Птахин поднял глаза, отыскал ими согнувшуюся, все еще вздрагивающую от плача старуху и быстро пошел за сцену, разминая папиросу.
Теперь выступления сделались вовсе непонятными и бурными. Всяк валил свое. Одни высказывали частные обиды, другие ругались просто так и больше махали руками. Часам к двенадцати ночи страсти стали утихать. Ошеломленный Уланов потирал обеими руками виски, словно хотел выдавить из головы боль, начавшуюся от шума и духоты.
Когда весь горластый народ перекипел, на сцену поднялся Разумеев. Он зачем-то надел очки, которых раньше на нем никто не видел, откашлялся и начал мирным, укоризненным тоном:
— Чего шумим, а? К чему такая, я бы сказал, некультурность при исполнении важного дела, каким является наше собрание? Критиковать надо. Критика, я бы сказал, вроде мельничного колеса. Вот почему нельзя ее превращать в балаганное представление, а наш колхозный клуб — в тиятр.
Сделав такое внушительное вступление, Разумеев передохнул и, сдвинув брови, положил на край трибуны руку, словно боялся, что она упадет.
— Кое-чего тут совершенно верно говорилось по адресу товарища Птахина и всего правления, я бы сказал, даже дельно говорилось. Действительно, товарищ Птахин ослабил руль по части управления колхозом, я бы сказал, насовсем выпустил в последнее время. Но мы-то, мы куда смотрели? Сказали мы товарищу Птахину, поправили его своевременно? Нет! Почему? Да потому, что принижаем большевицкий дух. Один человек был забран в тюрьму и напуган по поводу этого. После выпуска из тюрьмы каждую свою речь, каждую резолюцию зачинал со слов: «Стоя на советской платформе, терпеть не могу ненормальностей!» Выписывает, допустим, пуд овса и сверху накладной строчит эти самые слова. А мы вот, стоя на платформе, терпим ненормальности. А давайте посмотрим, один ли Птахин виноват?

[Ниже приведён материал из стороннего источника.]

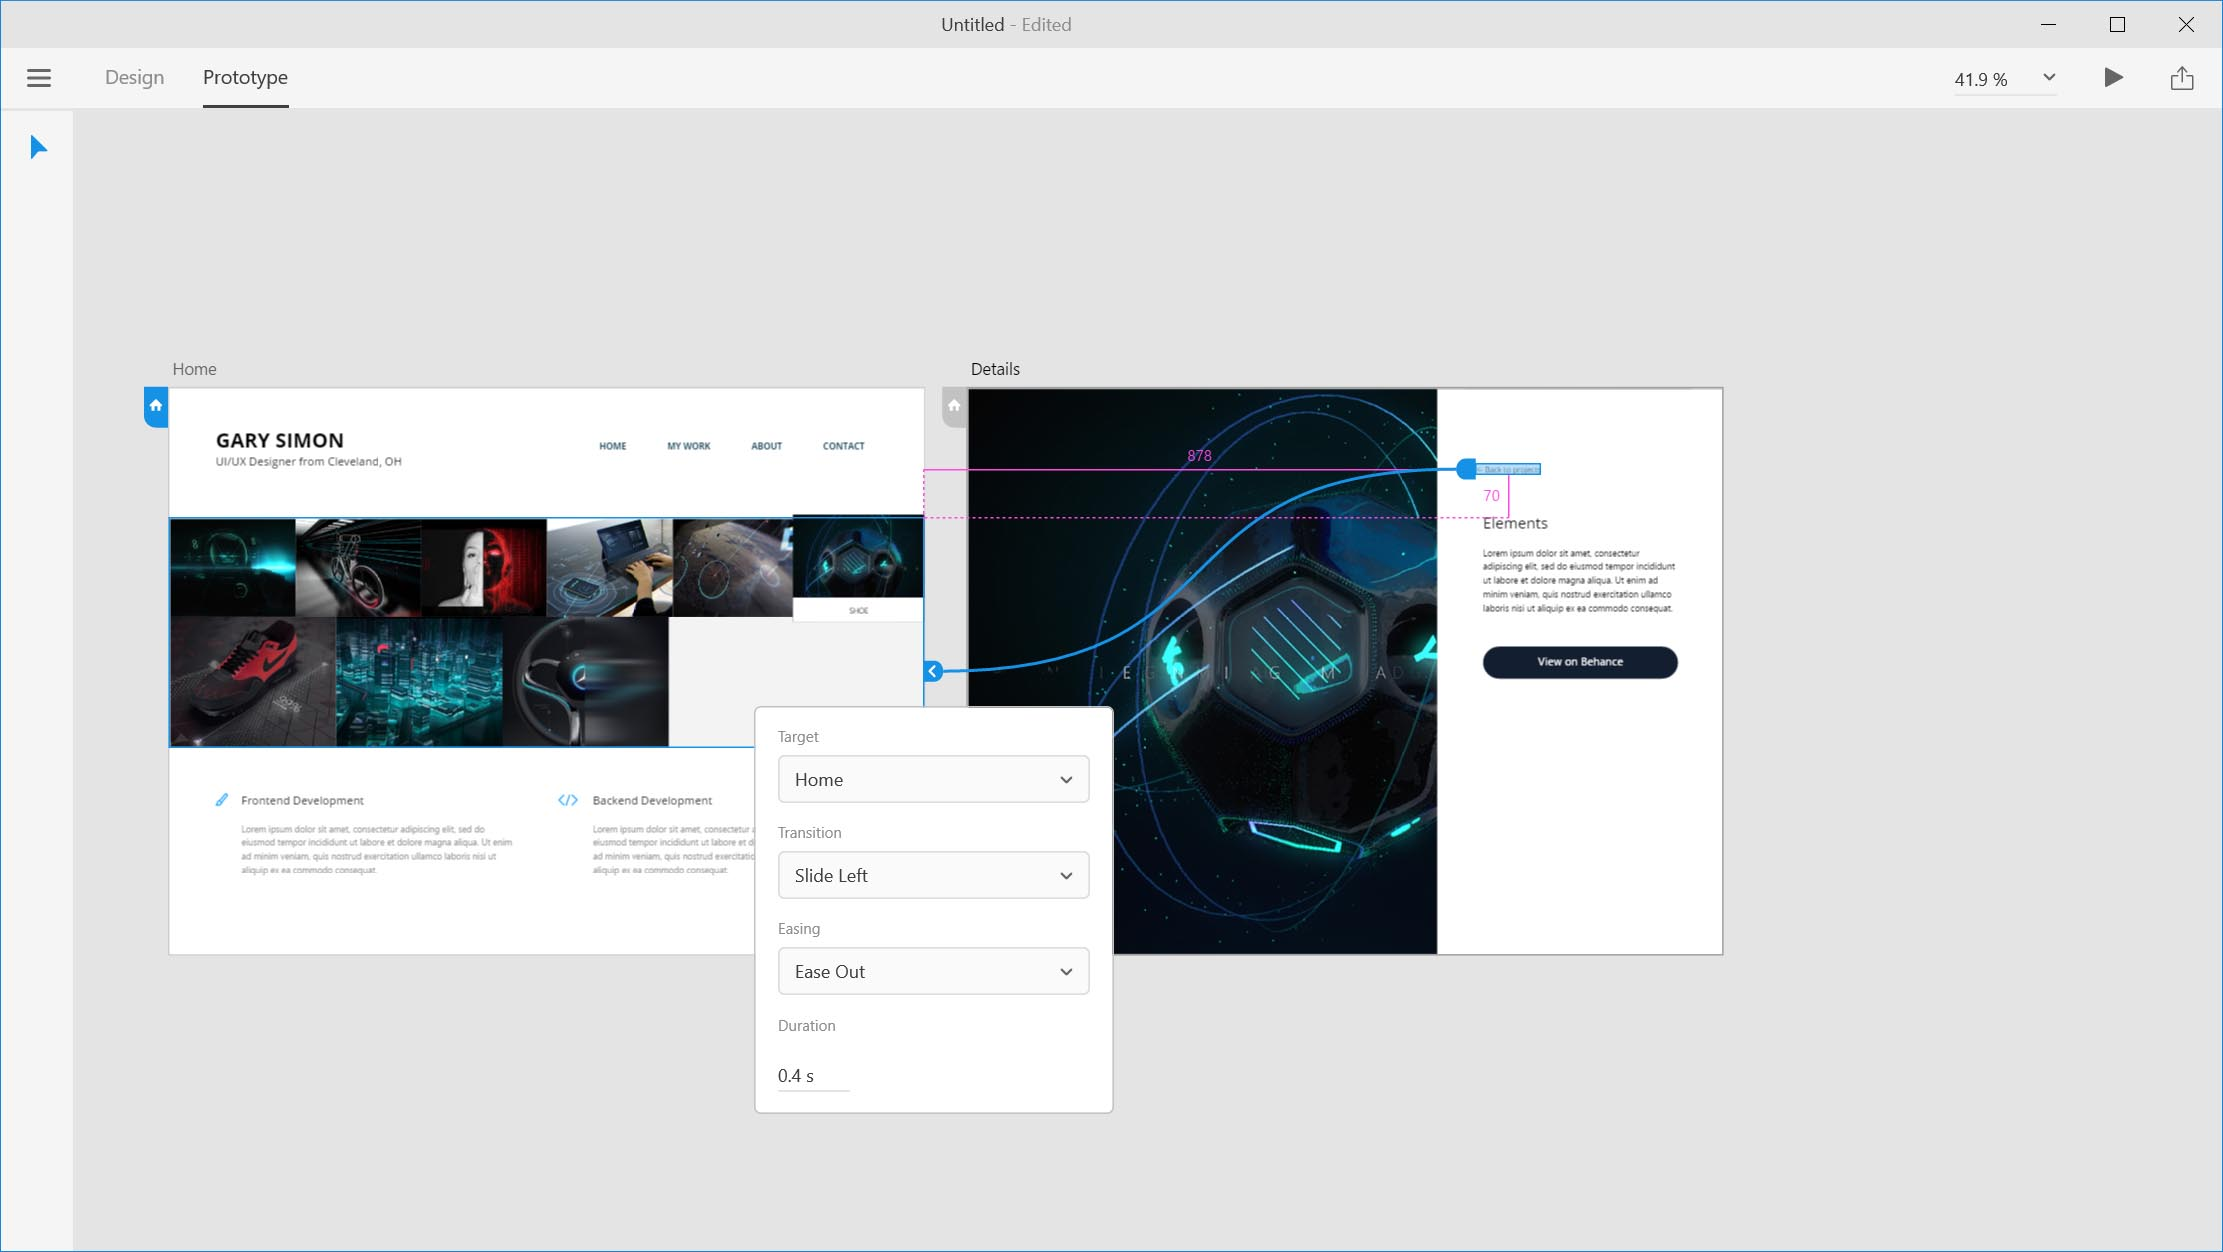 Website Design in Adobe XD Tutorial

Дальше Разумеев доказал, что виновны во всех упущениях и бедах прежде всего сами колхозники, которые не хотели критиковать председателя и правление, не подсказали ему вовремя, не поправили его. Голос Разумеева был умиротворяющим, сладким, доводы казались убедительными, да и сам он выглядел внушительно. Уловив тонким чутьем, что настроение в зале переломлено и что настал самый удобный момент убраться с трибуны, Разумеев заключил:
— Кроме того, ежели вы добьетесь снятия товарища Птахина, вам направят на эту должность такую личность, которая, я бы сказал, не только наяву, а и во сне пашни не видела. Я извиняюсь, конечно, но скажу не в обиду нашей новой товарищ агрономше. Вот она приехала из города, и ей трудно с нами, и нам проку от нее никакого, потому как незнакомое дело. Извиняюсь, конечно, — увидев, как вспыхнула и опустила голову Тася, прибавил Разумеев. — Вот и добьемся, дадут нам липового председателя, да агроном у нас, я бы сказал, аховый, пойдет все нараскоряку…
Разумеев смолк, поджал губы и, выразив сердитое сострадание па лице, отправился на свое место.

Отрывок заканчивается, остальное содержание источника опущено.